Now you get to try and puzzle out what happened. Sometimes it was obvious. Once you had gotten to this point (no mean feat), and you actually looked at your program, it became perfectly obvious what you had done wrong. Sometimes you got to repeat this sequence several times:
run the program
read the output
start reading your program
exclaim "Oh!" when your foolish mistake jumps out at you
correct the program
At this point sometimes you got lucky and the program ran as it was supposed to. This happened more in the early days, when your program was a stack of maybe 20 cards. As time went by and I stared taking more advanced classes my programs got longer. Now we start running into logic errors, things that might cause your program to go into an endless loop. This meant your program ran until your allowed time expired, which meant the only feedback you got was a notice that you ran out of time. Put that in your pipe and smoke it. My longest program was about a thousand cards which meant a thousand lines of code. It filled a box the size of a shoebox.
These cards are blank, just waiting for you to engrave the wisdom of the ages.
I wonder how many boxes I went through. A dozen? Two dozen?

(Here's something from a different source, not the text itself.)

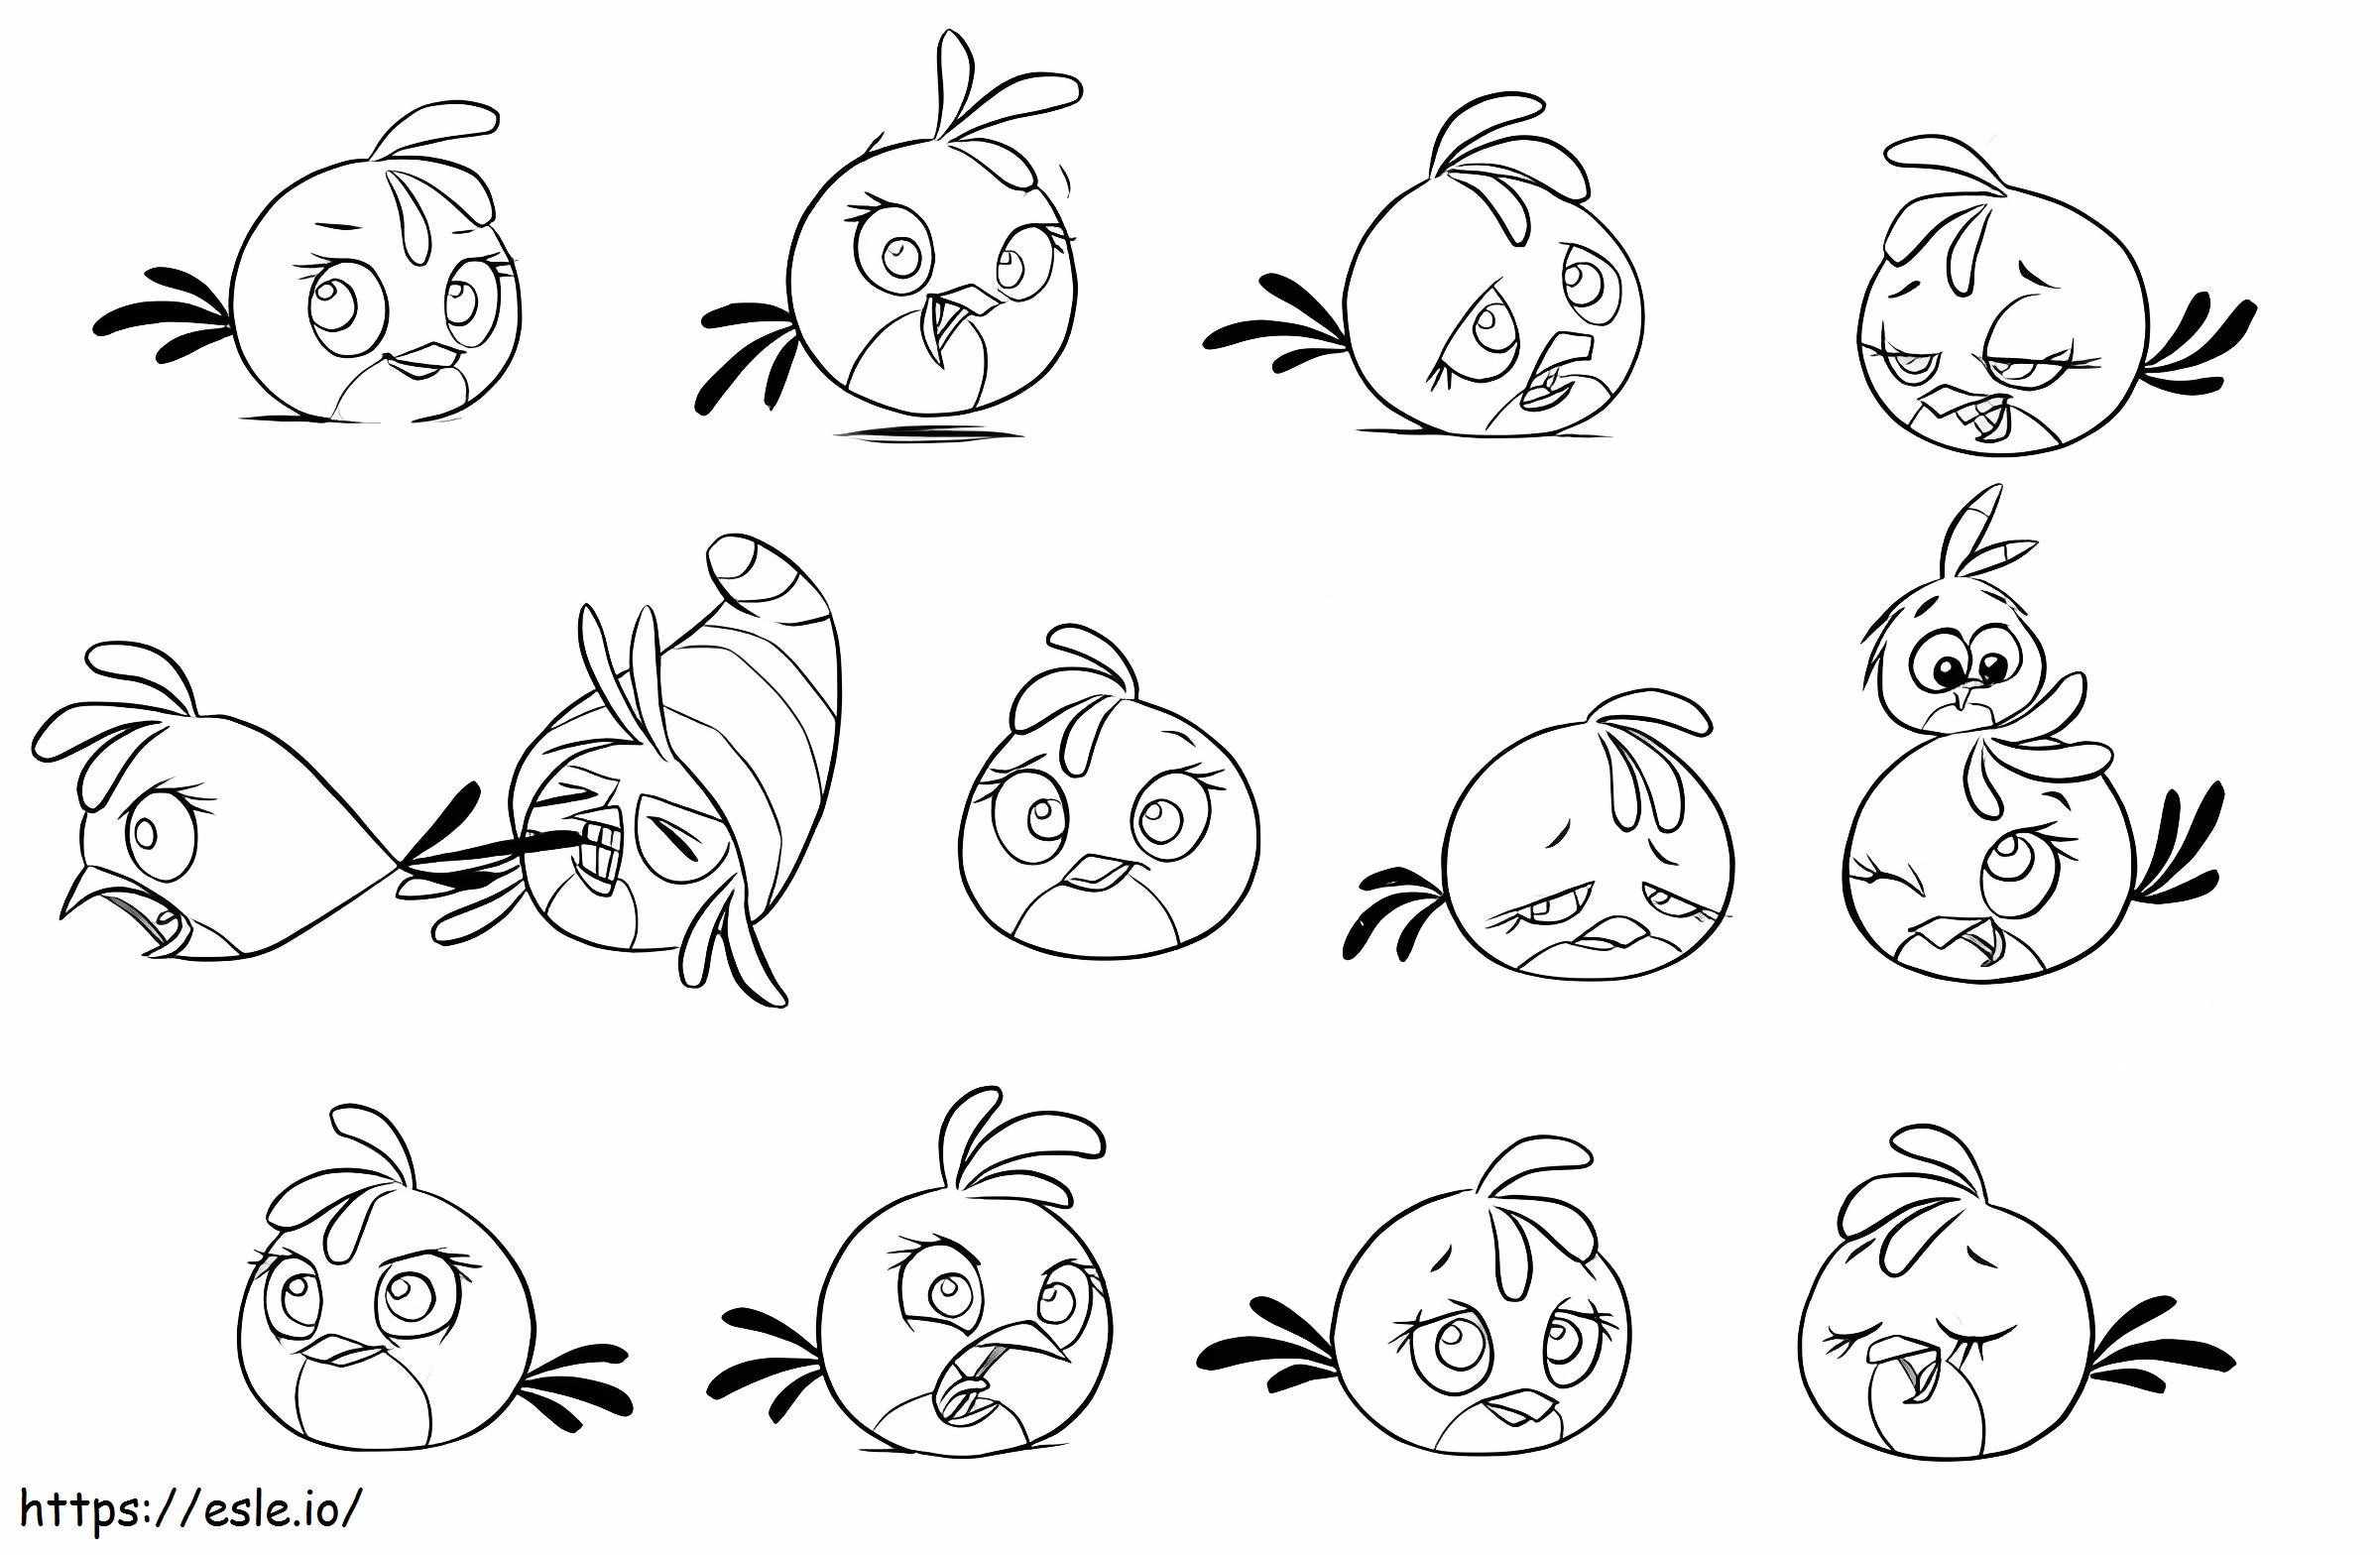 All Types Of Angry Stella Birds coloring page

The operations room in the Computer Science building (Painter Hall, maybe?) closed up in the early evening. If your program was due tomorrow and it still wasn't running, this meant going down to the street to the engineering building. Things were not quite so hospitable there. For one thing it was full of engineering students whose smallest programs were one box of cards. Some of these guys had programs that comprised a stack of boxes. Also, I don't think they were any keypunch machines there, but that doesn't make any sense. How could you get anything done? In any case, I can picture the operations room but I cannot picture any keypunches there.
I had a couple of job interviews after I graduated with companies (defense contractors) that used punch cards. I was horrified. By this time I had been exposed to video terminals (text only CRT's) and punch cards were obviously going away. Fortunately neither one these companies offered me a job. Actually, one was even worse. You handed your program to the secretary who typed it in using a typewriter. The typewriter was connected to a modem, which was connected to mainframe on the other side of town via a phone line. I think it was an IBM electric typewriter. I think they mailed the results of your job back to you.
Update November 2017 replaced one dead link & deleted another. Fixed problems with picture and video.